False Prophets

Part 1 of the series:

Questioning Church Authority

by Don Enevoldsen

Recent revelations of misconduct and hypocritical preaching of church leadership has suggested to me the need for understanding the role of leaders in our spiritual lives. From my earliest days in church, at the age of five, the message was pounded into us that we must obey our leaders, without regard to their teaching or discernment of their motives.

Yet experience has demonstrated repeatedly that the greatest damage to the faith of believers frequently comes through self-centered, narcissistic leaders who are blindly followed without question or challenge. It is easy to think of this in terms of cult figures like Jim Jones or David Koresh, but I am here concerned with the far more common manipulation, coercion and abuse entrenched in basic, traditional churches in our own neighborhoods.

The reason for this willingness to relinquish responsibility to a pastor or priest is the belief that God expects us to “obey your leaders and submit to their authority.
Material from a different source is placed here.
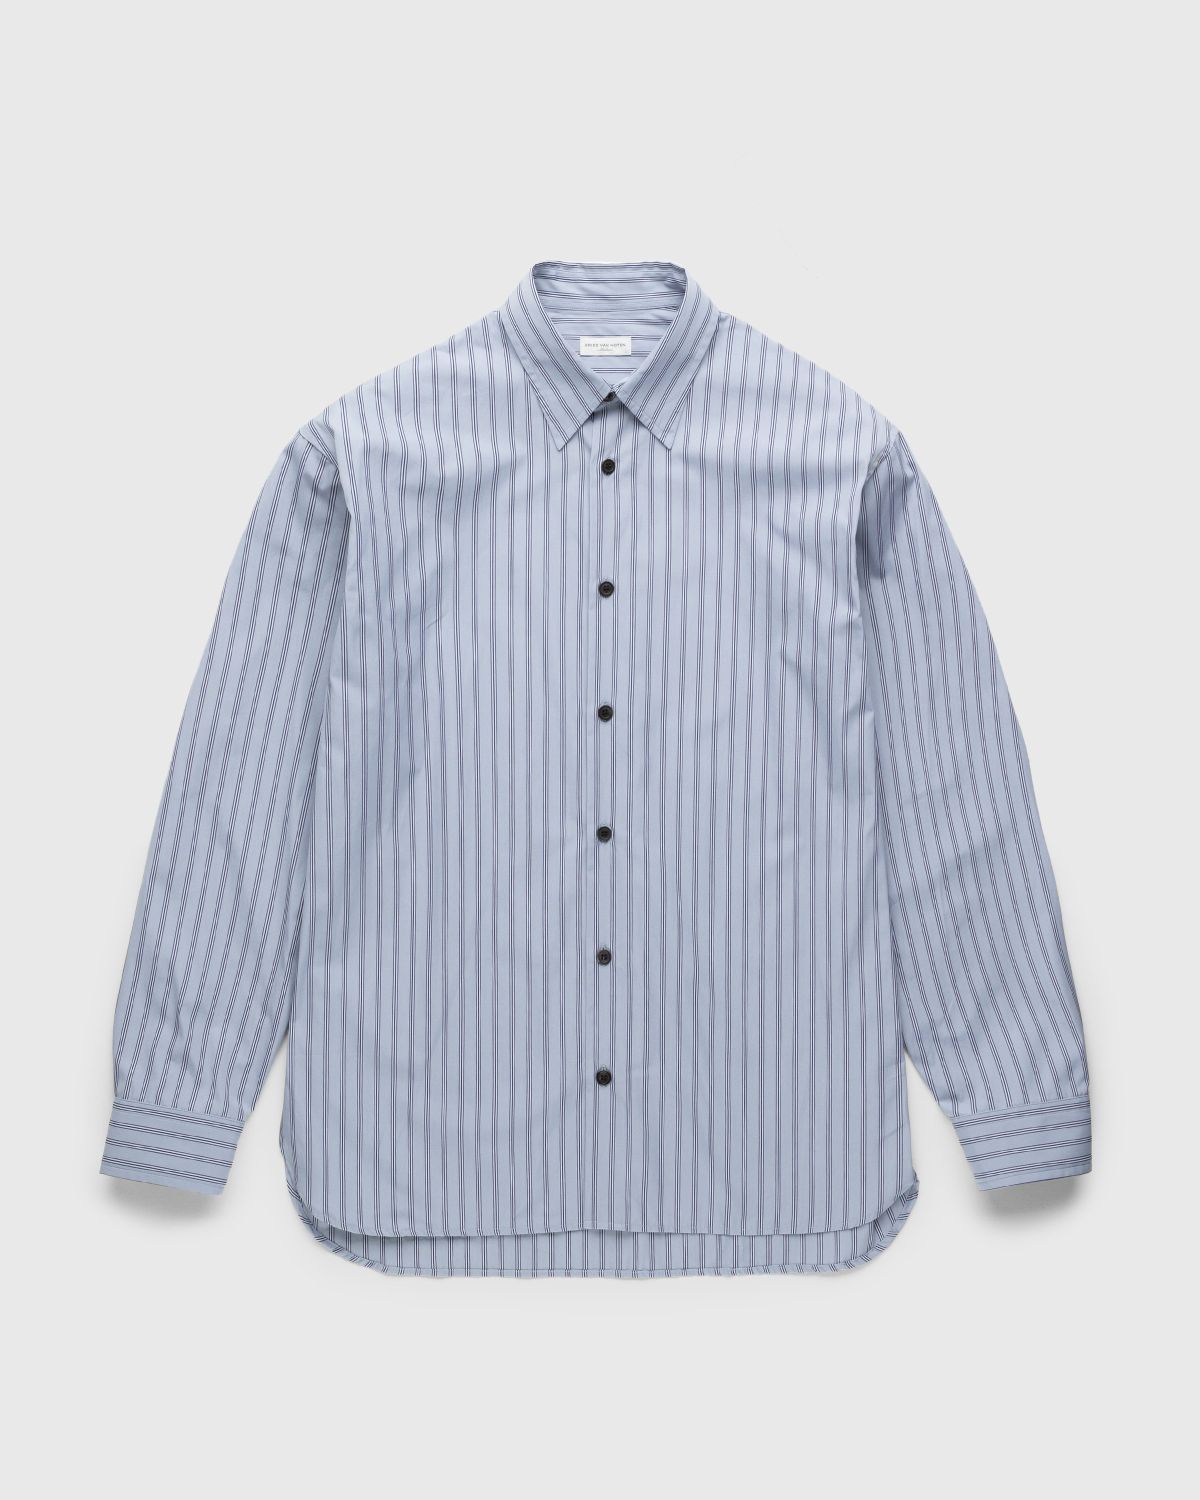 Dries van Noten – Croom Shirt Blue | Highsnobiety Shop

They keep watch over you as men who must give an account.” (Hebrews 13:17-18)

When considered beyond the most superficial level, however, this belief creates a conundrum. Jesus warned us to beware of false prophets. “They come to you in sheep’s clothing, but inwardly are ferocious wolves.” (Matthew 7:15) Fortunately he gave the means to identify them: “By their fruit you will recognize them.” (verse 16)

The problem is simple. Prophets are part of the five fold ministry (Ephesians 4:11), a part of the leadership of the church that includes pastors, teachers, evangelists and apostles. If I am required to obey and submit, believing that they must give an account to God, not to me, then how can I examine the fruit to determine whether or not they are false? Discernment necessitates questioning.

When allegations and inculpation are leveled at leaders, how should we respond? Accusations should not be automatically embraced, but when they come at the mouths of more than one witness, we cannot afford to ignore them. Yet a staggering number of believers do.

In the next few weeks, I propose to examine some of the common teachings regarding the respect due to leaders, in part to know when accusations should be ignored, but also with the intention of bringing a higher level of accountability to the various offices of leadership among us.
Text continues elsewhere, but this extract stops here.